When I console.log(data) from my ajax callback, it returns the entire html file which includes scripts, css etc which breaks my page. How can I get only the element block which I need? I only need the data within .container.
Asked
Active
Viewed 141 times
0
-
4Possible duplicate of [jQuery selector regular expressions](http://stackoverflow.com/questions/190253/jquery-selector-regular-expressions) – afzalex Dec 09 '15 at 04:54
-
1in ajax success try to use function(response){ alert($(response).find('.container').html()); – Mohamed-Yousef Dec 09 '15 at 04:55
-
2Why don't you just return the necessary things from ajax? – Tᴀʀᴇǫ Mᴀʜᴍᴏᴏᴅ Dec 09 '15 at 04:58
-
@TareqMahmood that is correct. – Parth Trivedi Dec 09 '15 at 05:02
-
@TareqMahmood if I can control the output it's better in json, but it's external api – Jennifer Dec 09 '15 at 06:03
3 Answers
0
I would do this using regular expressions.

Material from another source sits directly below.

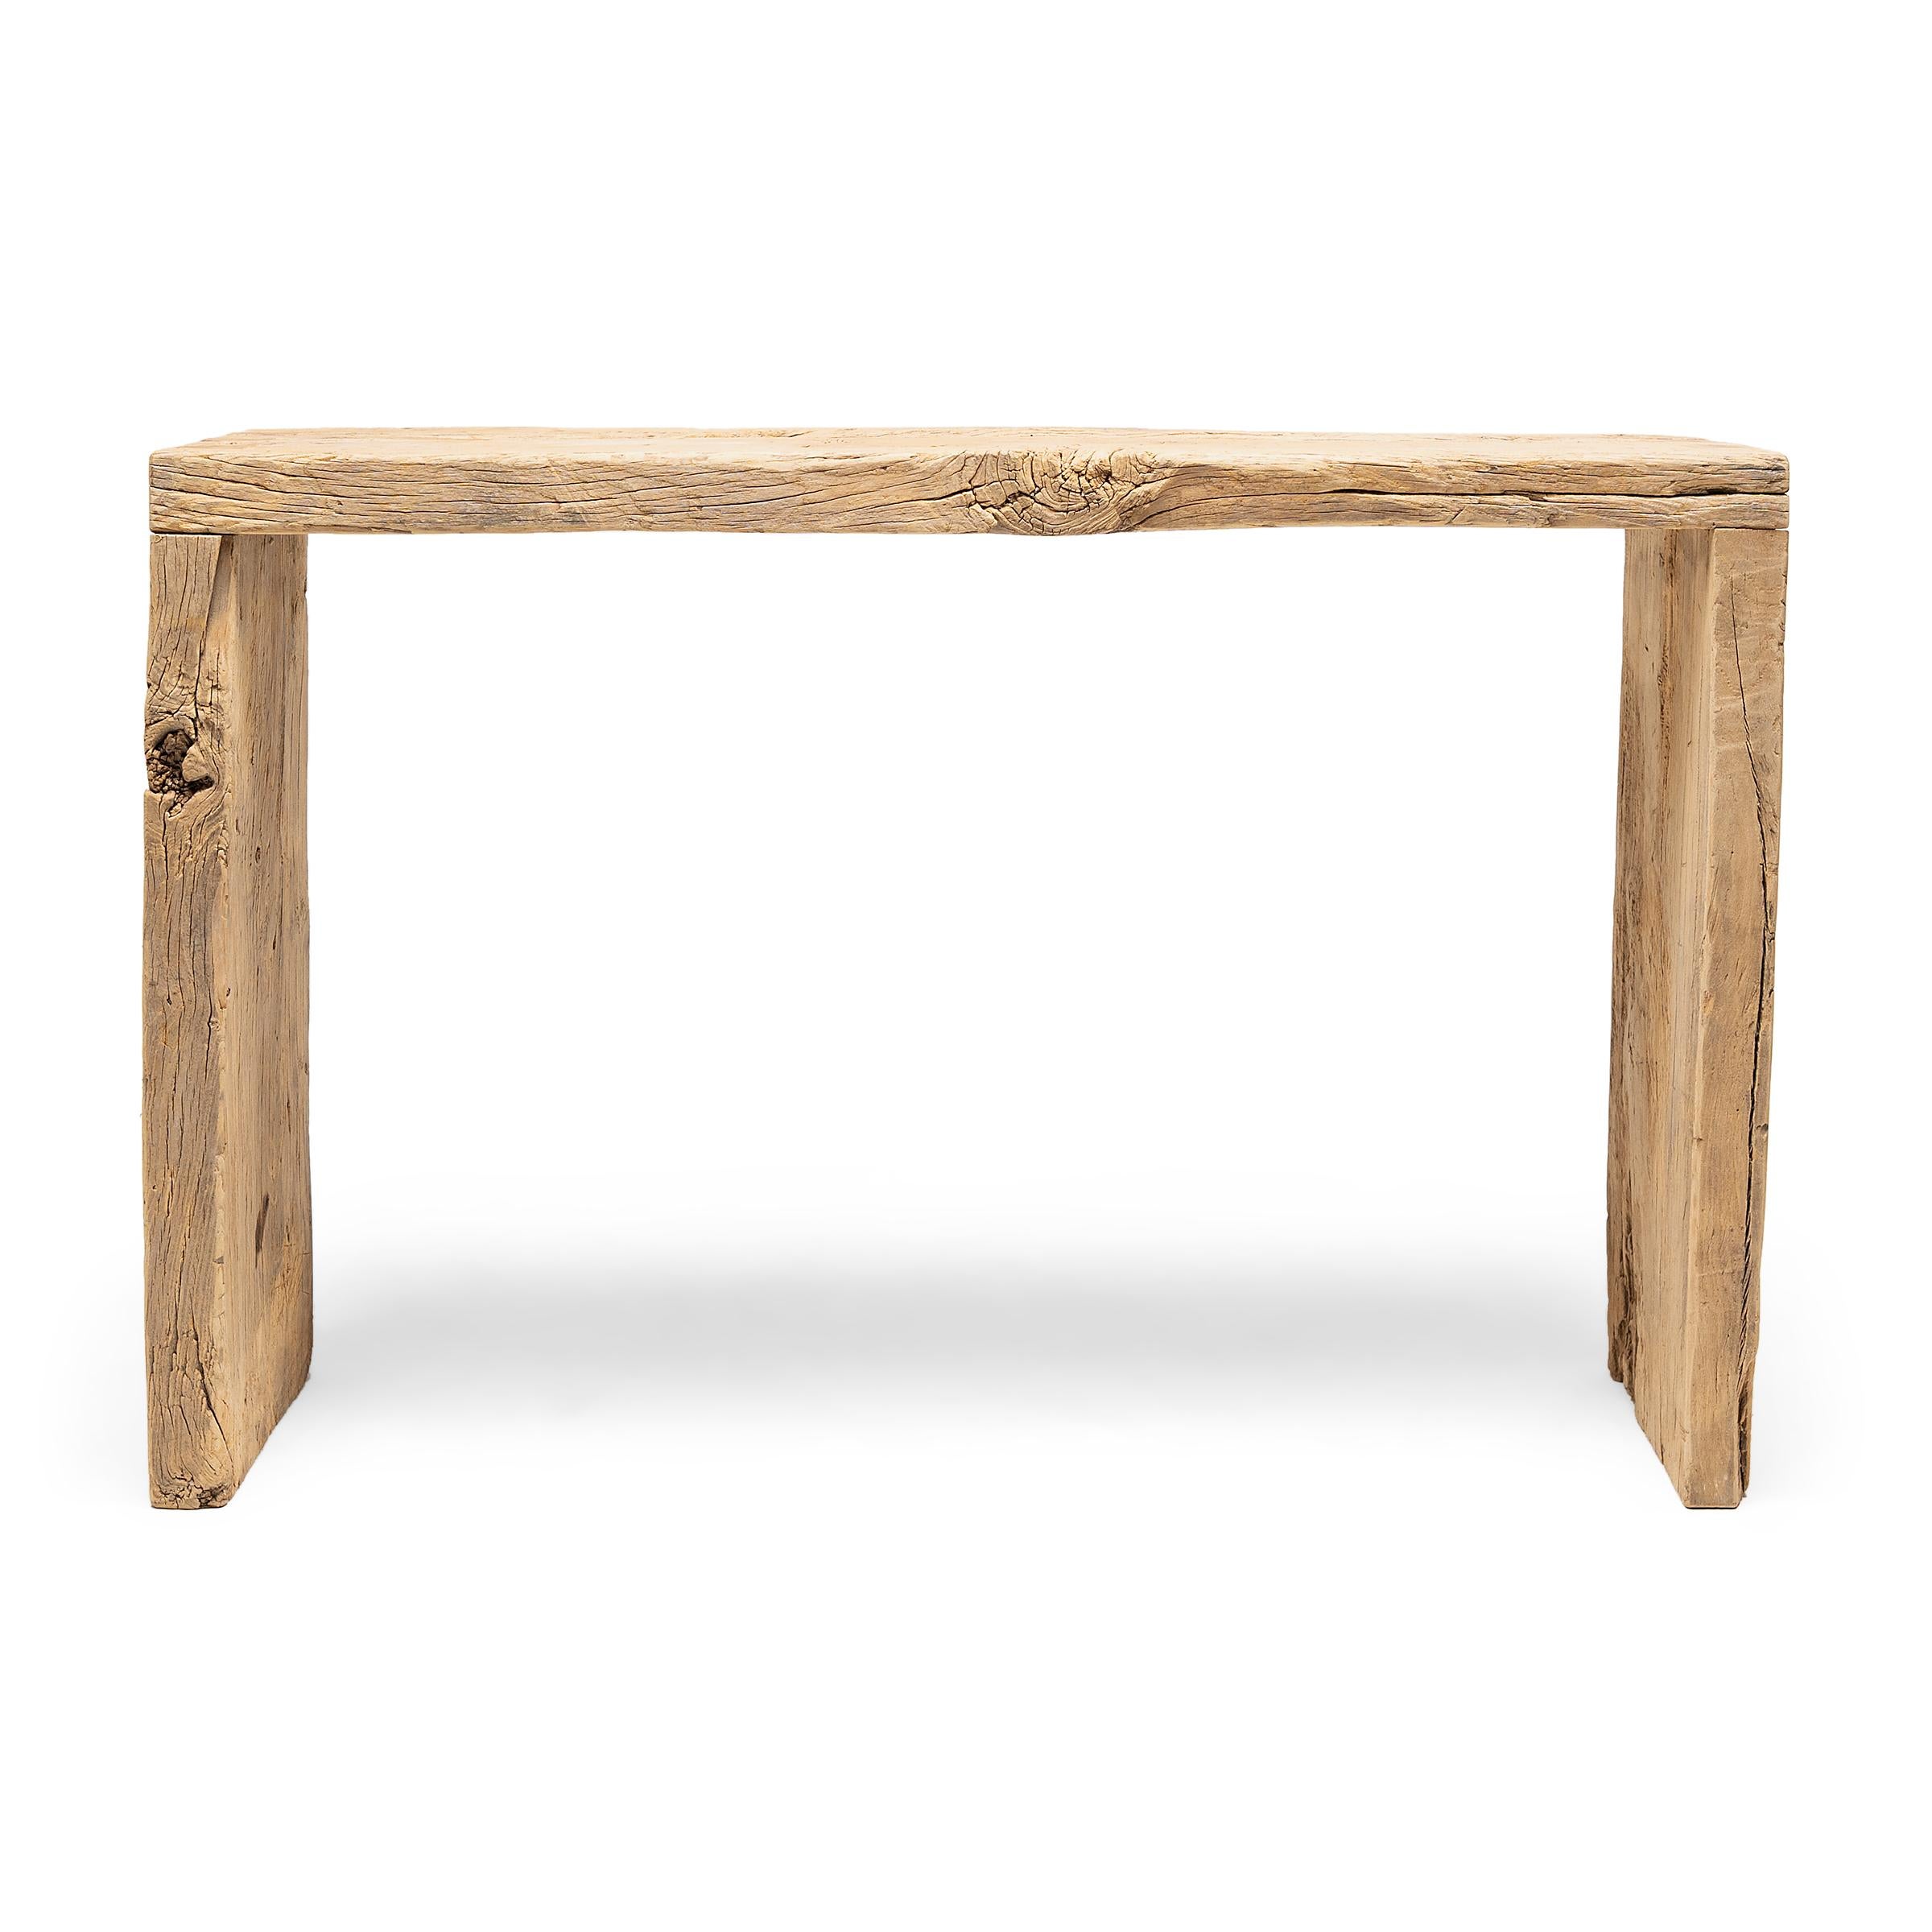 Dieser moderne Konsolentisch zelebriert den Wabi-Sabi-Stil. Der Tisch ist aus Holz gefertigt, das aus der Architektur der Qing-Dynastie stammt. Er hat ein minimalistisches Wasserfalldesign und ist unbearbeitet, um die natürliche Schönheit des

For example, if you wanted to get the content of all .container elements, you could try this regexp:
<[^>]+class="container"[^>]*>([^<]+)<\/[^>]+>
and then collect the captured groups.
See working example on Regex101.com.
Jonathan Lam
- 16,831
- 17
- 68
- 94
0
I think easiest way is to use jquery load function. There is possibility to take only fragment of loaded page.
Brzochod
- 1
- 2
0
Easiest way would be append in hidden tag. Then search for using $(".container") it will return the whole div and you can get html . Here is script code that can help you (use jquery library)
var b= $(".container");
console.log(b[0].outerHTML);
PLEASE CHECK THIS BELOW FIDDLE
http://jsfiddle.net/oyvv9nL0/
Dashang G. Makwana
- 377
- 3
- 10